* _What you have to do_: Give back exactly the lines of the data below, starting with the line that has "Helmet - Kask" and going on through the line that has "visibly fade +".

* _Provided data_:
++++++++++++++++++++

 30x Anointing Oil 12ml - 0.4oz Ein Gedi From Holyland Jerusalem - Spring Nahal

++++++++++++++++++++

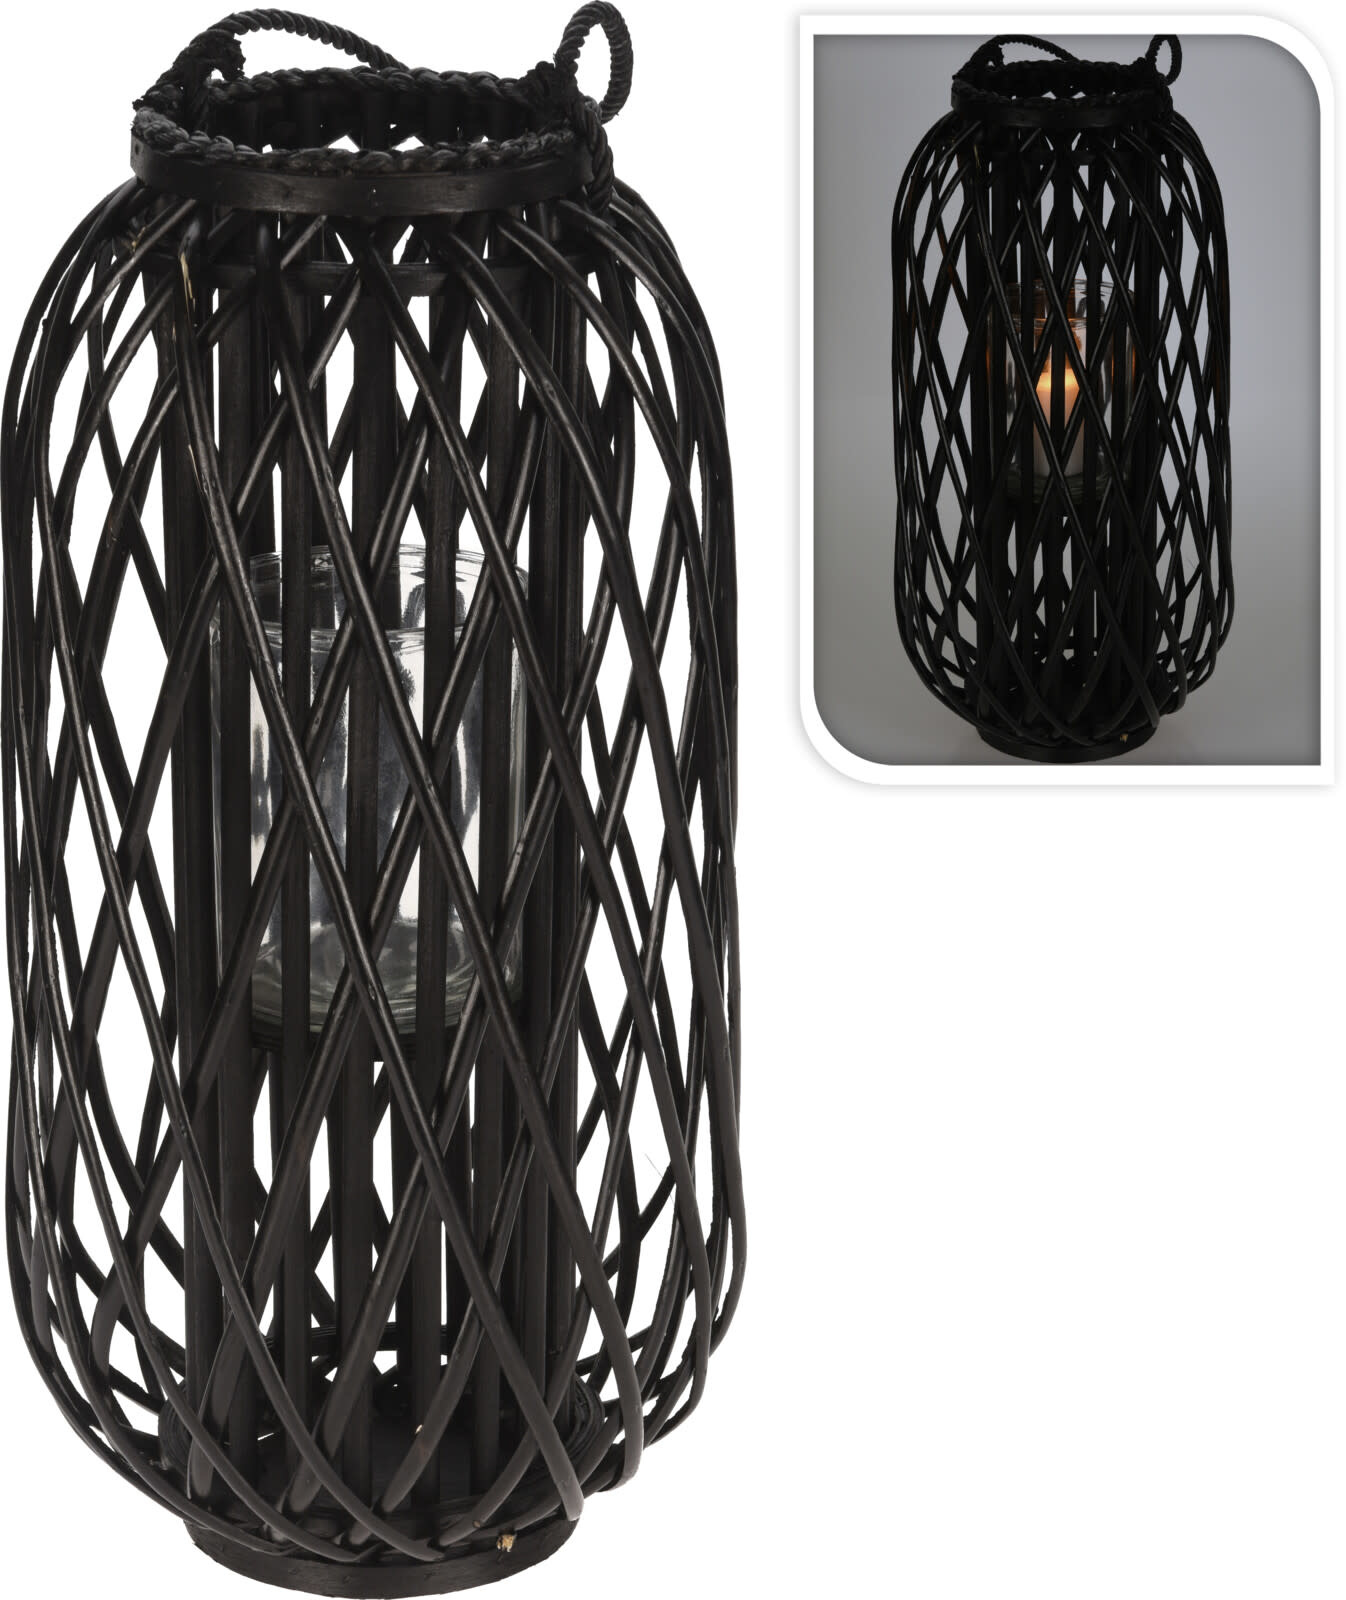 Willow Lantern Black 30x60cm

++++++++++++++++++++

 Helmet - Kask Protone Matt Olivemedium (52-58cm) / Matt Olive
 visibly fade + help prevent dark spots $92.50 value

++++++++++++++++++++

* _Task response_:
 Helmet - Kask Protone Matt Olivemedium (52-58cm) / Matt Olive
 visibly fade + help prevent dark spots $92.50 value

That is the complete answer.